Skeletons is an odd but hugely enjoyable debut from Nick Whitfield. The film won the Michael Powell award at 2010’s Edinburgh film festival and deservedly so.
Bennett (Andrew Buckley) and Davis (Ed Gaughan) are travelling salesmen. They wander about rural areas with wonderful hand-drawn illustrations, which guide them to their destinations like a map, always travelling across rolling hills and along railway tracks, but never roads for some reason. The duo wander in and out of people’s lives, performing a mysterious ‘procedure’, whereby hidden secrets and lies are revealed. When Bennett and Davis arrive at a remote family home and are unable to get the job done, they discover that you can’t always escape your own past.

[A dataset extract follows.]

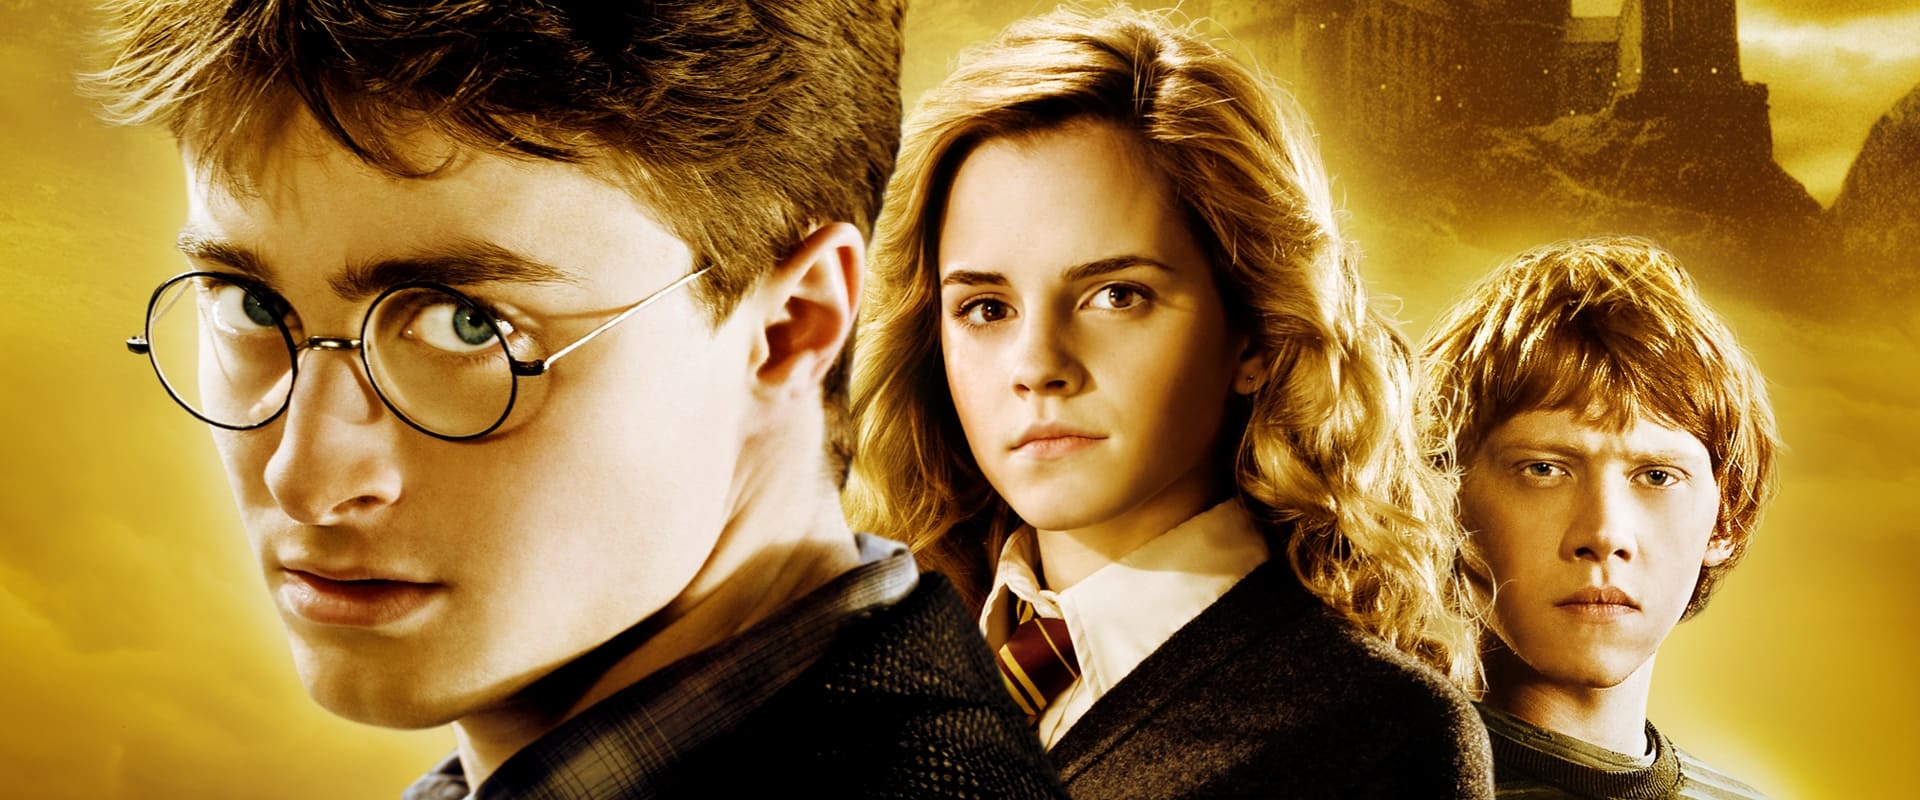 Harry Potter e il principe mezzosangue [HD] (2009)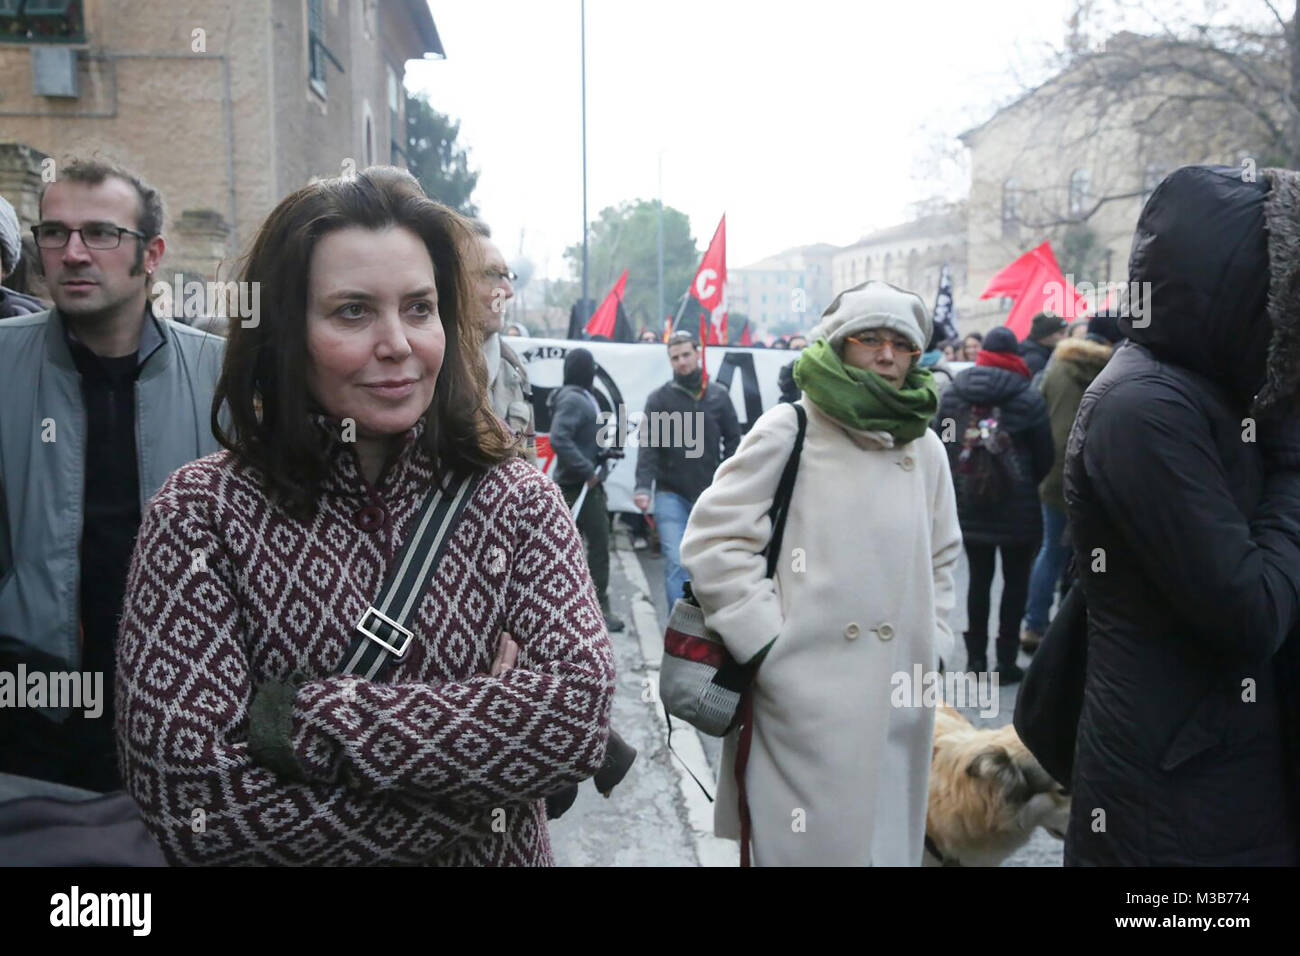 Macerata, Sabrina Guzzanti at the anti-racist demonstration in Macerata. 10/02/2018, Macerata, Italy Stock Photo

The ‘procedure’ that Bennett and Davis carry-out involves finding a ‘hot-spot’, which is always in a cupboard, and then they use some weird equipment that wouldn’t be out of place in one of the Ghostbusters films, to gather their information. It would be easy to fall into the trap of describing Bennett and Davis as British ‘ghostbusters’ or exorcists, but that would be inaccurate.
Bennett, Davis and their shady employer, ‘The Colonel’ (Jason Isaacs), are all involved in some sort of supernatural business, that’s for certain. But the mysterious ‘procedure’ appears to have more in common with telepathy than exorcism, with Bennett and Davis reliving their clients’ experiences, exposing their secrets and lies, from salsa lessons to curb crawling.
At only 94 minutes long the film is fairly punchy and frequently interspersed with black humour. The moment that Davis finally turns ‘Bulgarian’ is particularly amusing, as is the bickering between Bennett and Davis, and most of the scenes involving the gloriously moustached, Jason Isaacs.
Skeletons is a dry but often heartfelt black comedy and it features two great performances from Ed Gaughan and Jason Isaacs. This is a quirky, eccentric British film, which clearly marks its director as a talent to watch.